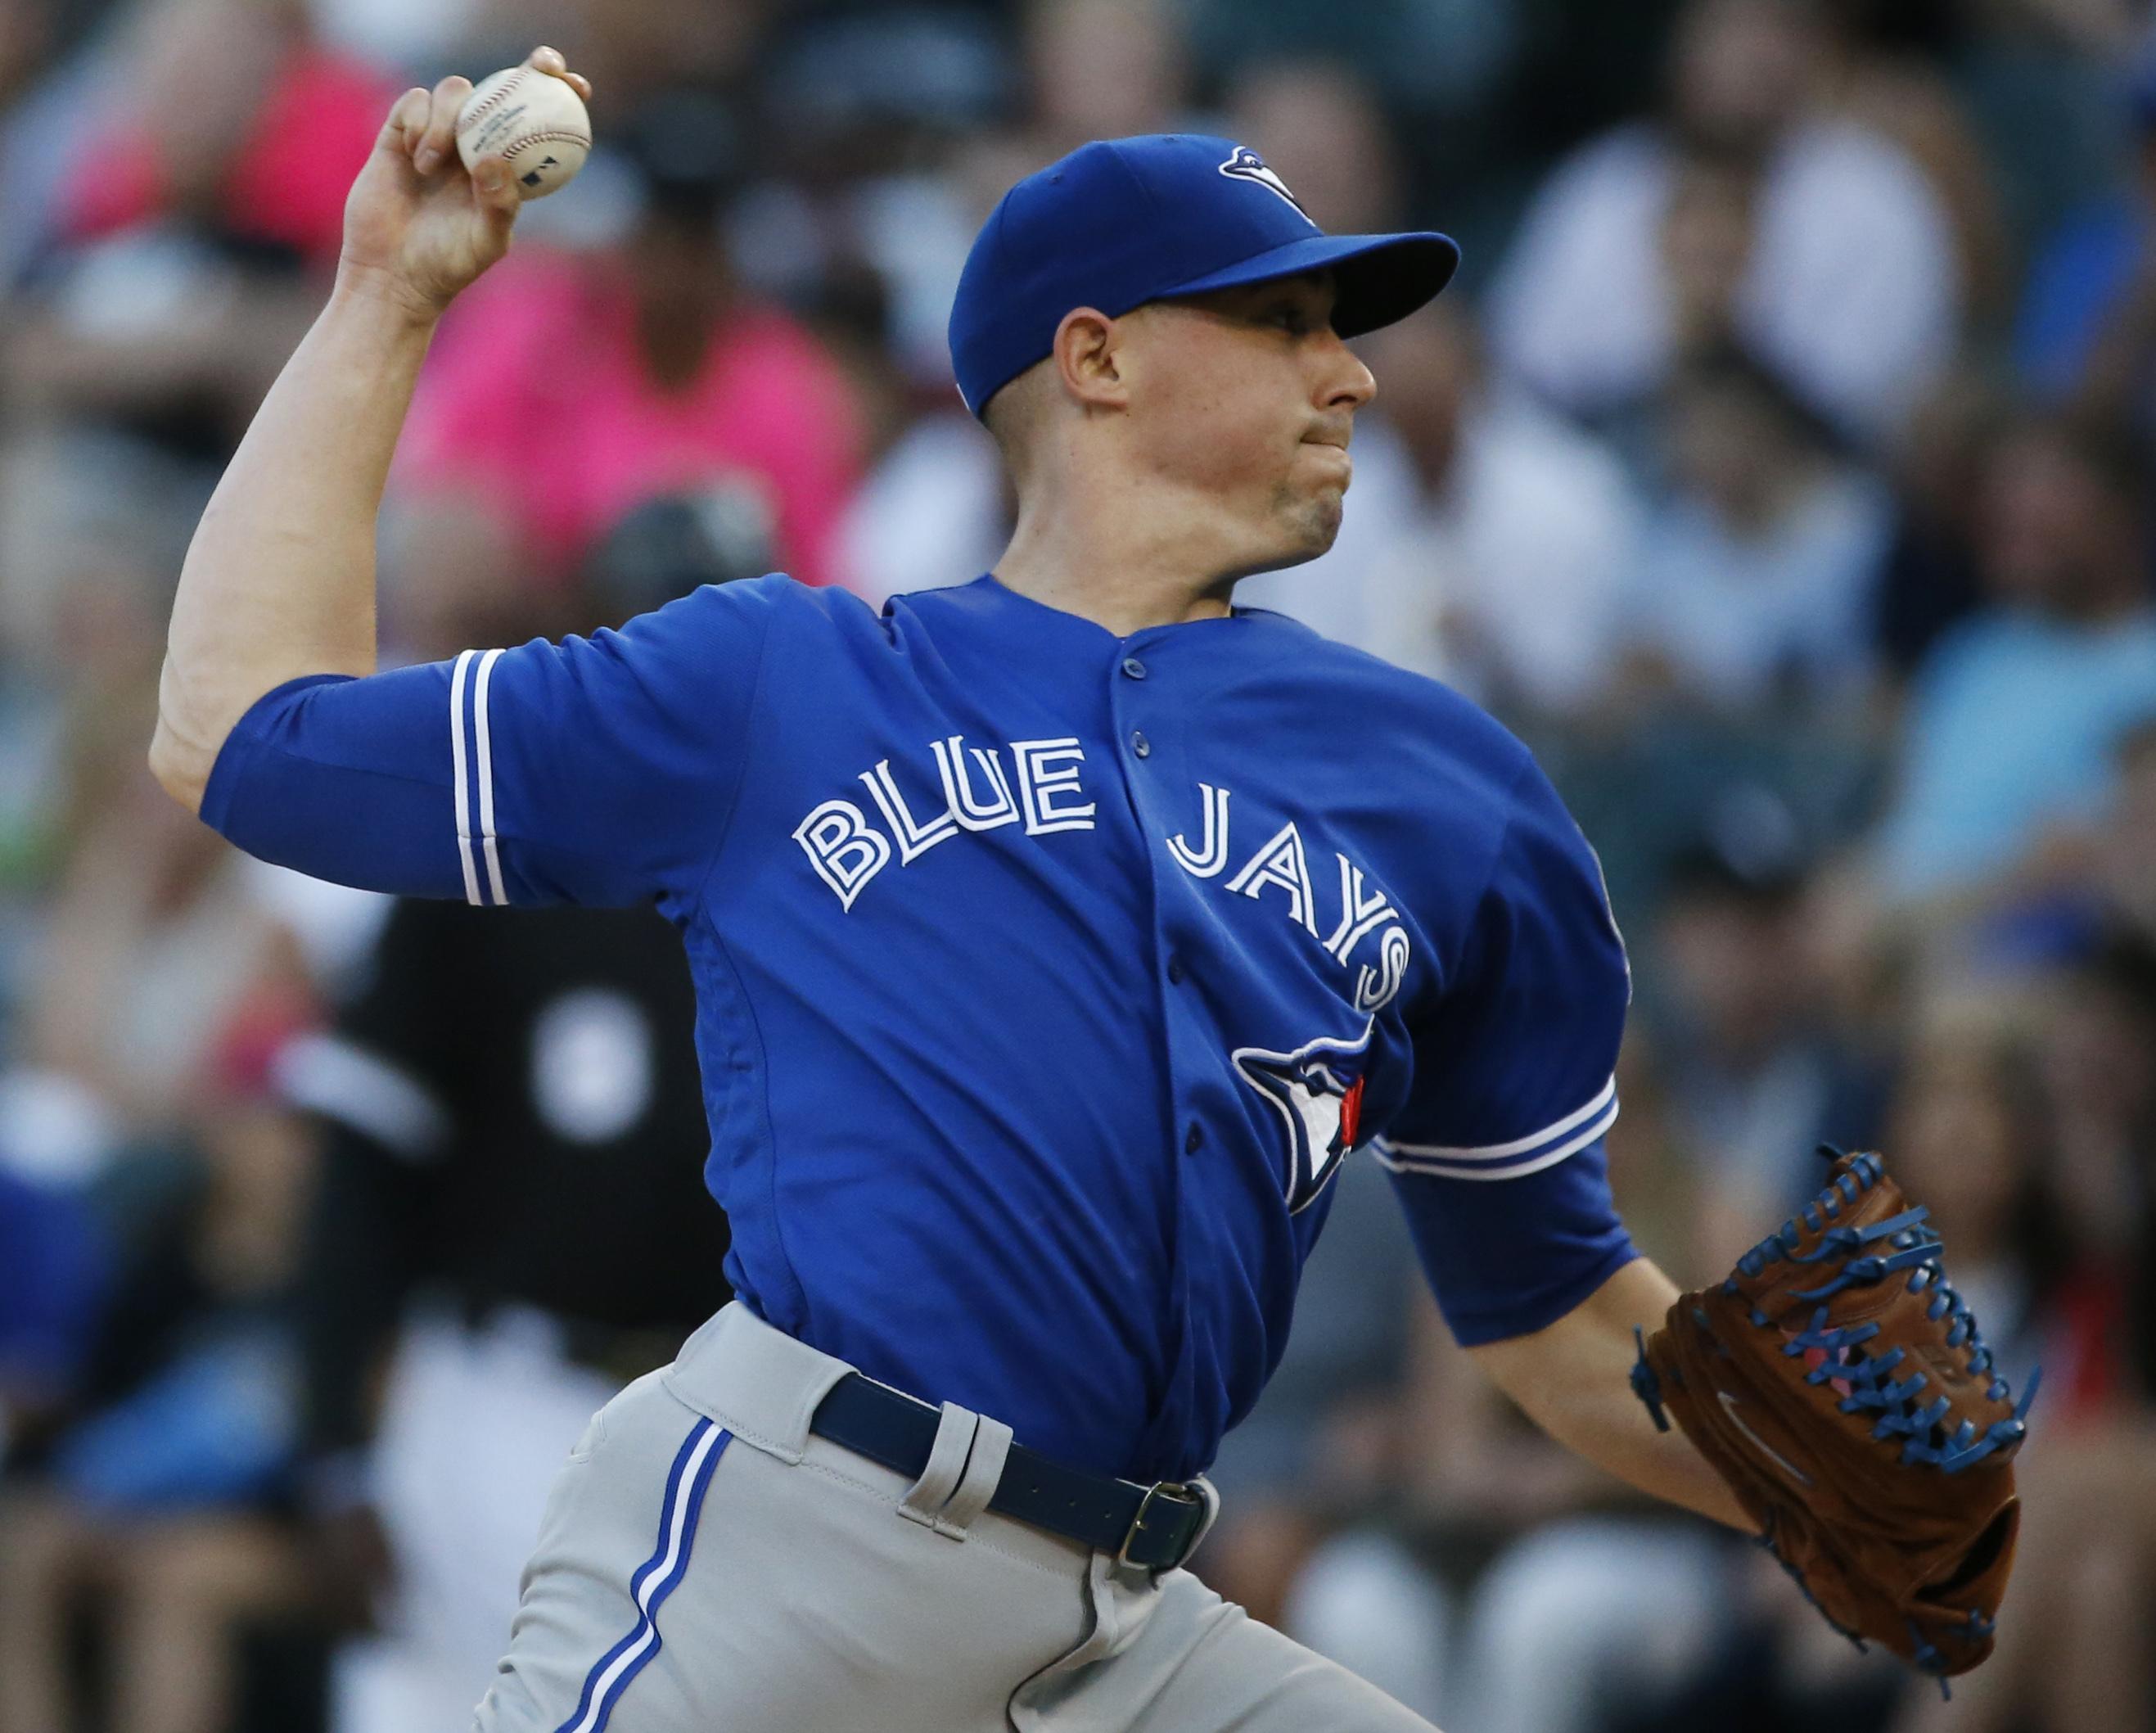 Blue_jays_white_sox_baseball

________________

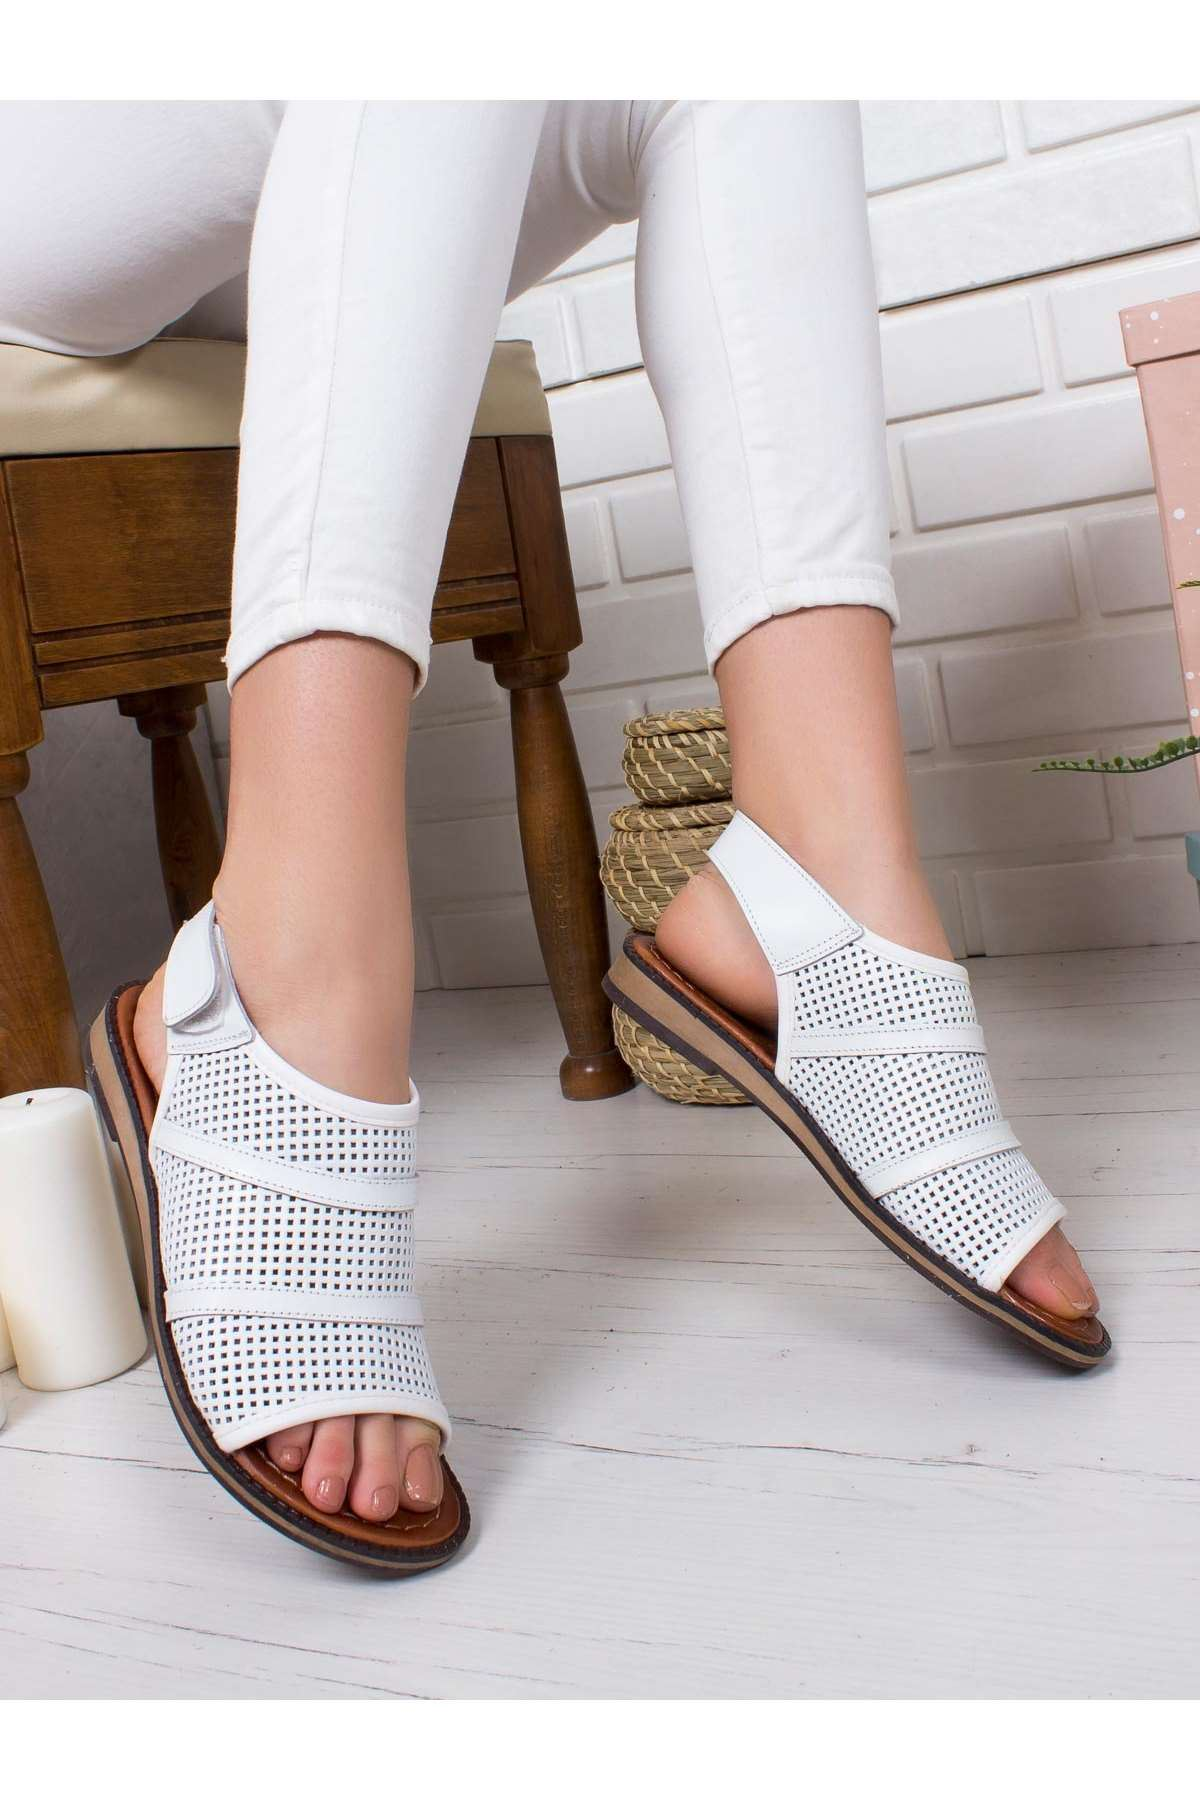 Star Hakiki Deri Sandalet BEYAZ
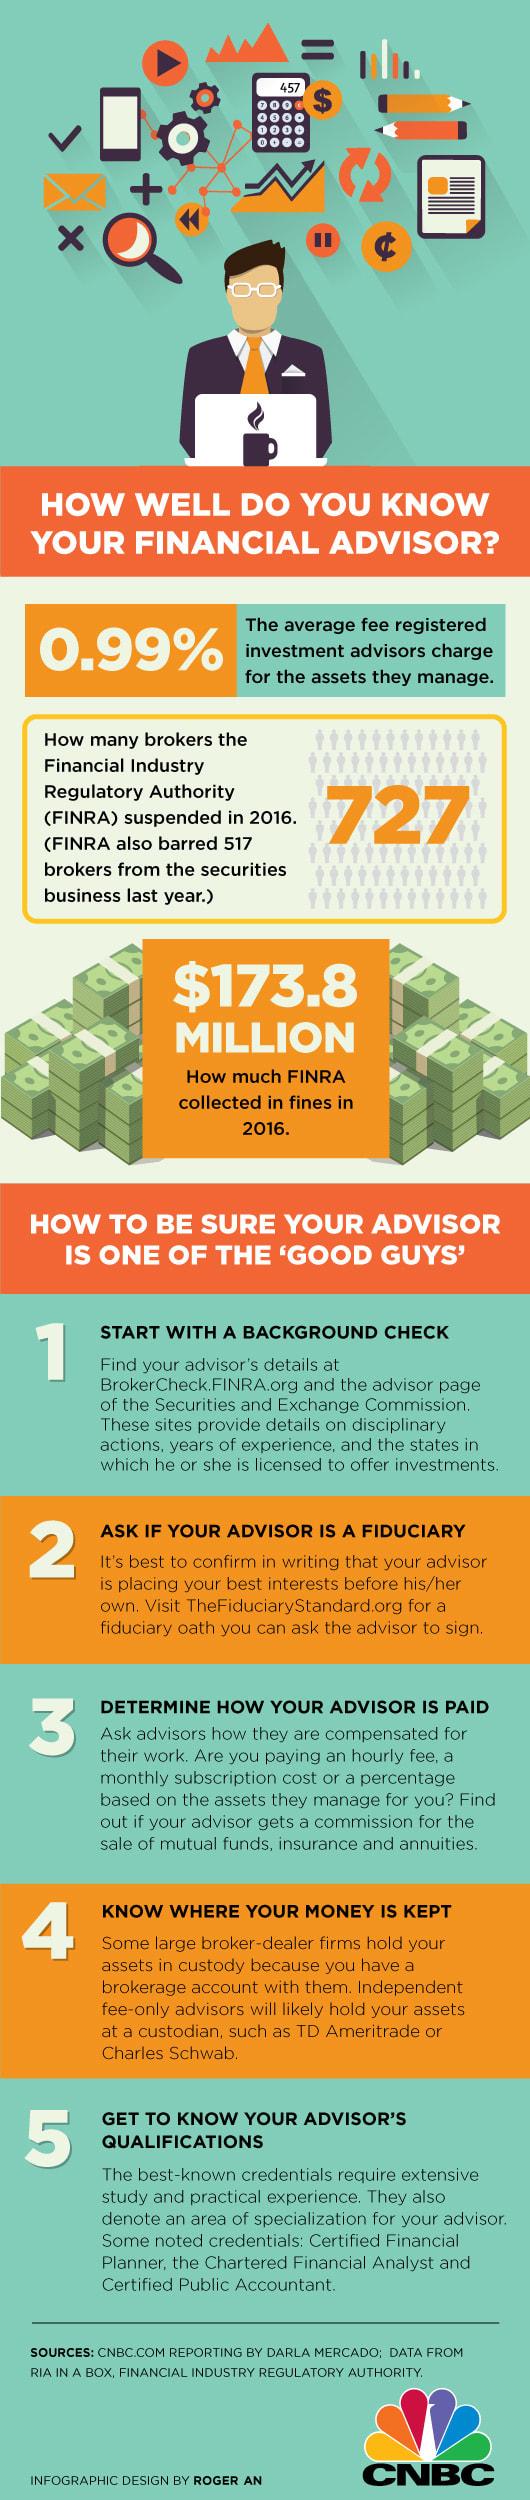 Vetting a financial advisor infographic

________________

• [What is needed]: Repeat exactly the lines above, from the line that contains "Star Hakiki Deri Sandalet BEYAZ" down through the line that contains "Vetting a financial advisor infographic". Include both of those lines and none of the pictures.

• [Finished task]:
 Star Hakiki Deri Sandalet BEYAZ
 Vetting a financial advisor infographic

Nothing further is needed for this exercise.